Expectations: The fastest way to kill your improv career
I’ve heard that expectations are pre-meditated resentments, and the fastest way to kill your career is to have any expectations about how it is supposed to turn out. Apparently, that’s a lesson I still need to learn.
When you have a certain expectation about how a show or a team or anything else is going to go, you suck all the joy out of having the experience, and instead, you get stuck in a state that there is never enough and you forgot why you are doing it in the first place. You are part of the living dead.
This has plagued me my whole life, and this is where I am right now with Improv Nerd. We have had over 260,000 downloads for the podcast since it started, and we’re closing in on having produced 100 episodes in under three years. I get e-mails from people all over the world on a weekly basis about how much they appreciate what I am doing, and I am being flown all over the country to do Improv Nerd and teach The Art of Slow Comedy workshops.
But that is not enough. I am not where I thought I should be by now. When I started Improv Nerd, I thought I would be Marc Maron by this point. Clearly, I am not. I thought doing Improv Nerd would lead me back to the radio or would get me an interview show on TV. It has not. I have clearly forgotten why I am doing this.
If you are reading this and you are like, "Wow, Jimmy is filled with self-pity," you are right. That’s what happens when you have expectations: They turn into resentment, then into self-pity, and if you are really lucky, bitterness. I wish you would see me in a better light, but right now, I am filled with self-pity and anger. No, rage. Rage at God and the Universe for screwing me over once again! I have worked my ass off with Improv Nerd and feel like I have gotten shit for my effort. Fuck you, God! Fuck you, Universe!
It all started over the weekend when I had a really small audience for Improv Nerd at Stage 773 in Chicago as part of the Chicago Women’s Funny Festival. We had a great guest, the super talented Beth Stelling, and Stage 773 could not have been more supportive.

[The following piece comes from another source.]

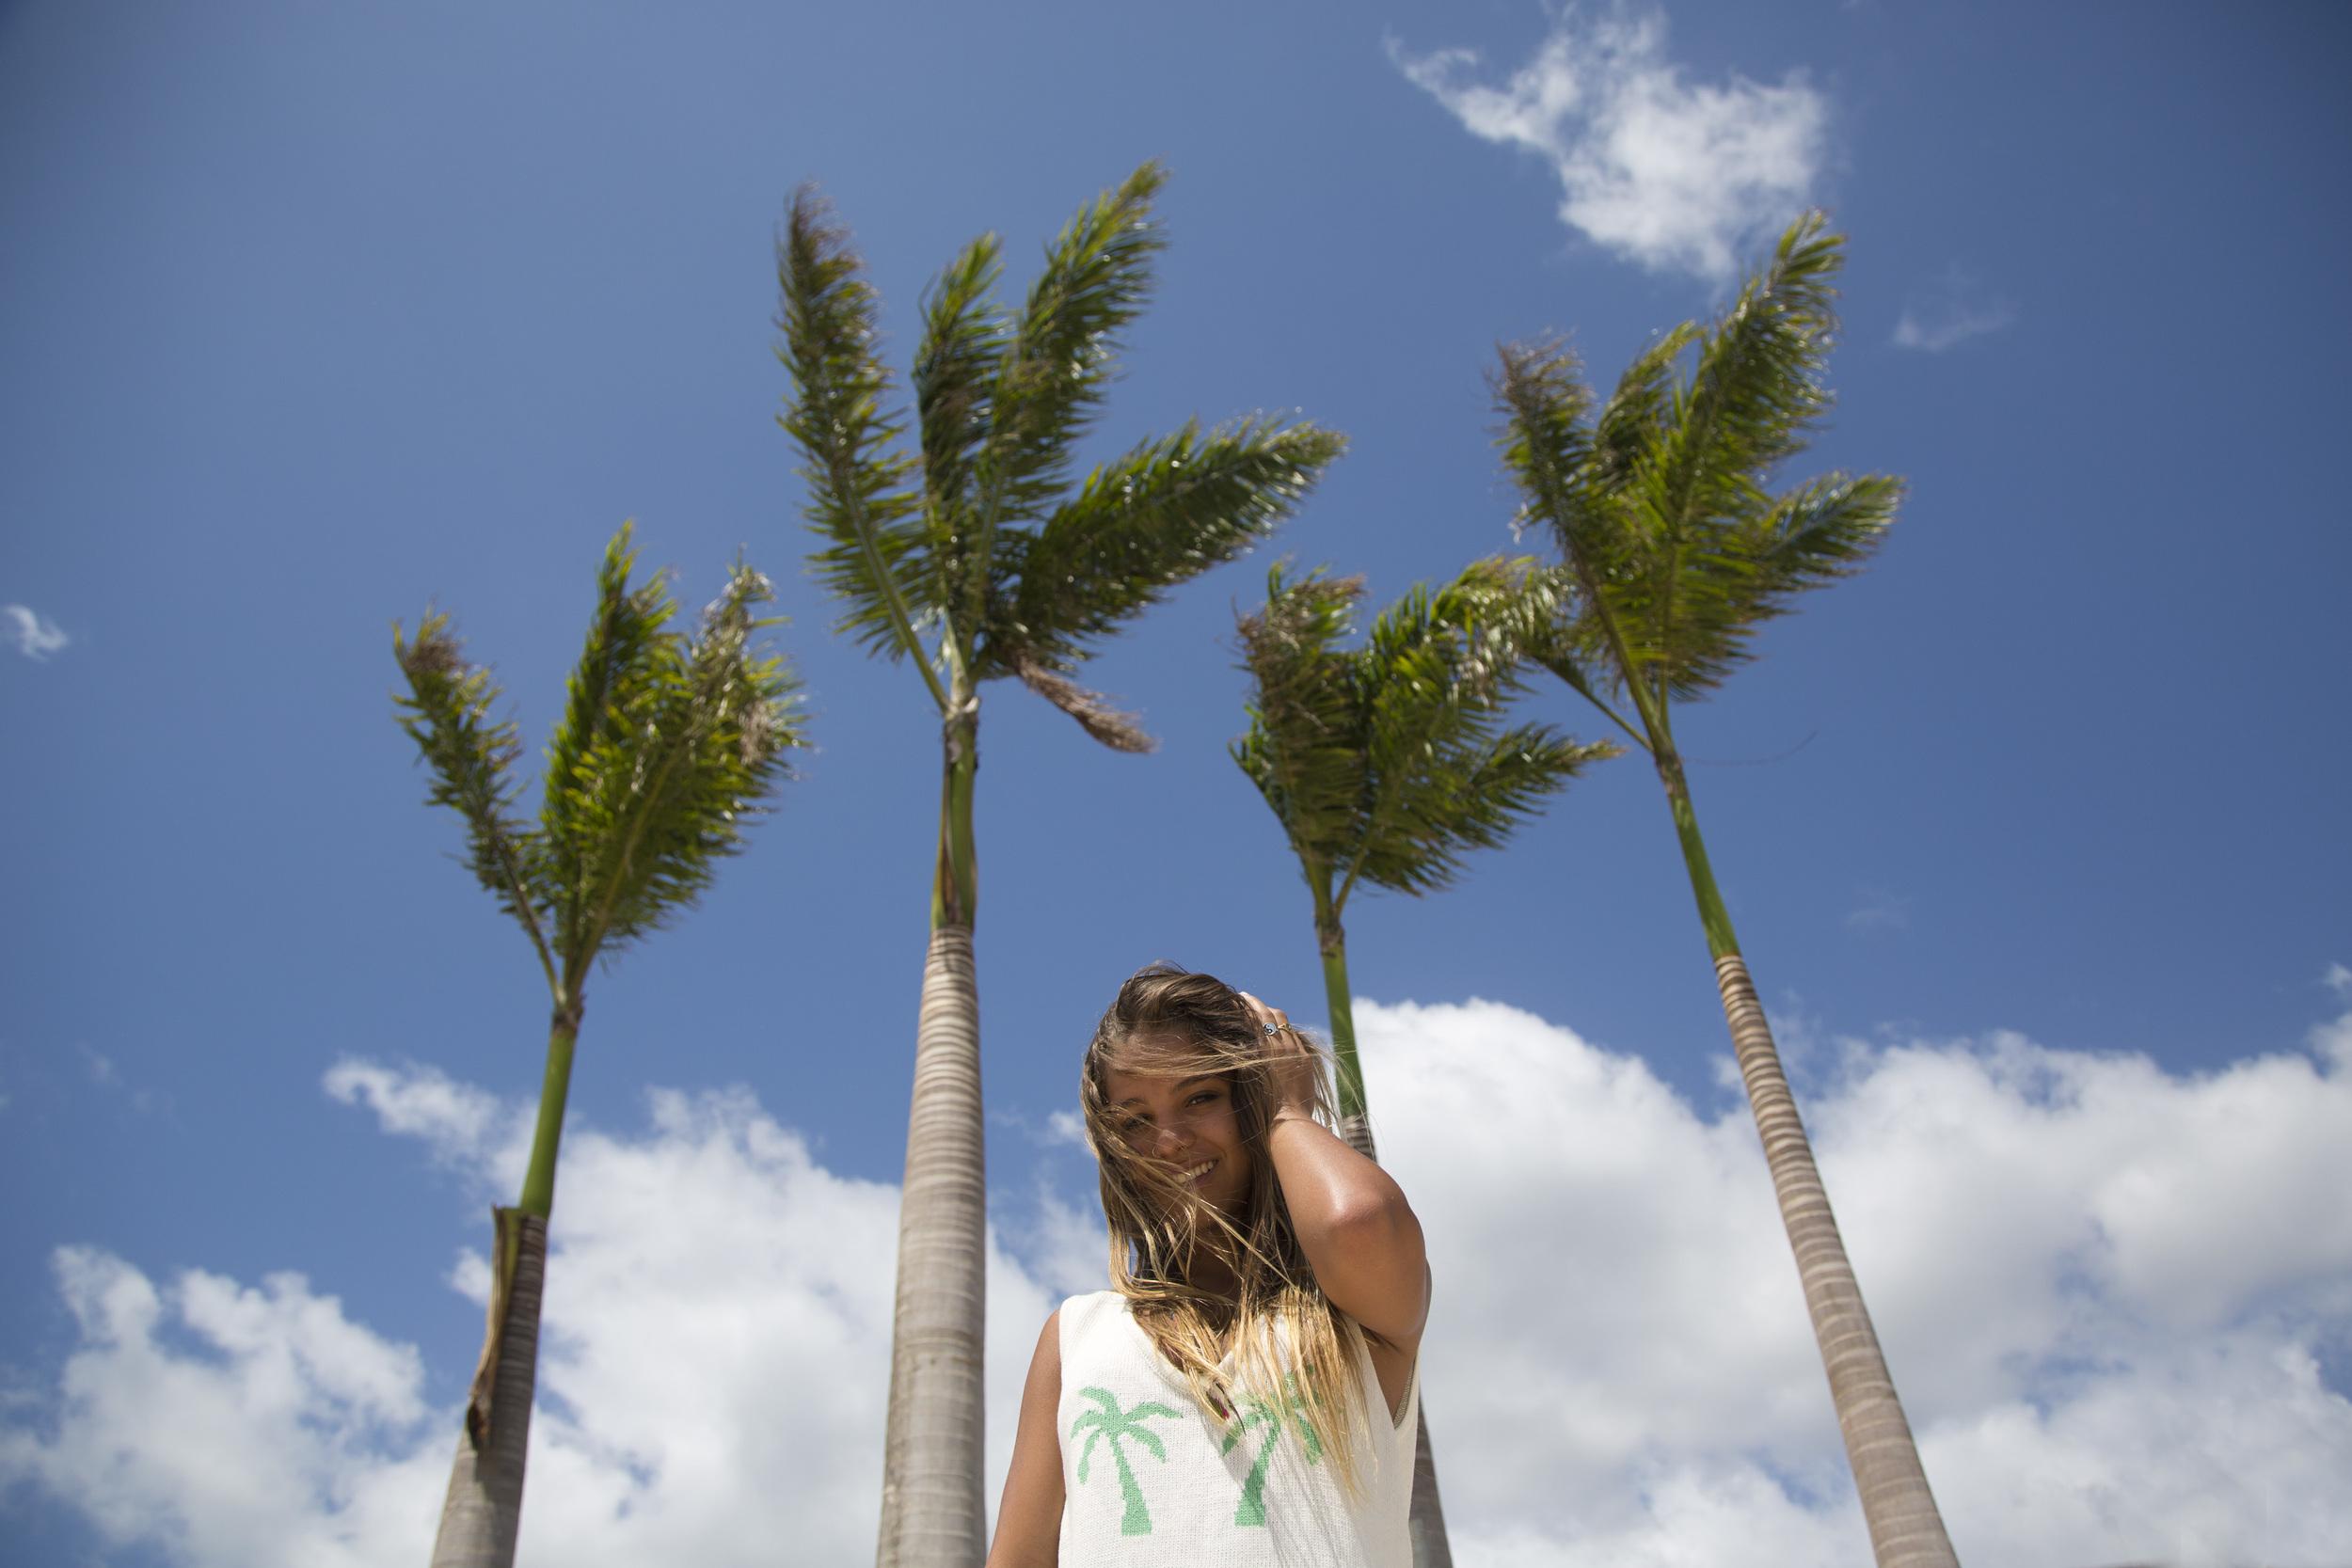 LILYA - PALM TREES 30 DEGREES

But almost nobody came to our show, and what made it worse was when I was leaving the theater, there was huge a crowd that needed to be roped off waiting to come in for the next show.
Ever since then, I’ve wanted to die. I am tired. I am second guessing myself. My confidence has taken a hit. All because I had this stupid expectation that after almost three years, Improv Nerd should be a hit and I should have gotten something (read: money and fame) out of doing it.
Everyone always tells you that you’re supposed to do things for the fun of it, for the joy of doing it. Don’t worry about where it’s going to lead, just enjoy the moment. I’ve even said a lot of those same things in this very blog. But let me tell you, that is a lot easier to type onto a page than it is to do in real life. In real life, I have expectations that if I put effort into something, I'm going to be rewarded immediately (read: more money and more fame).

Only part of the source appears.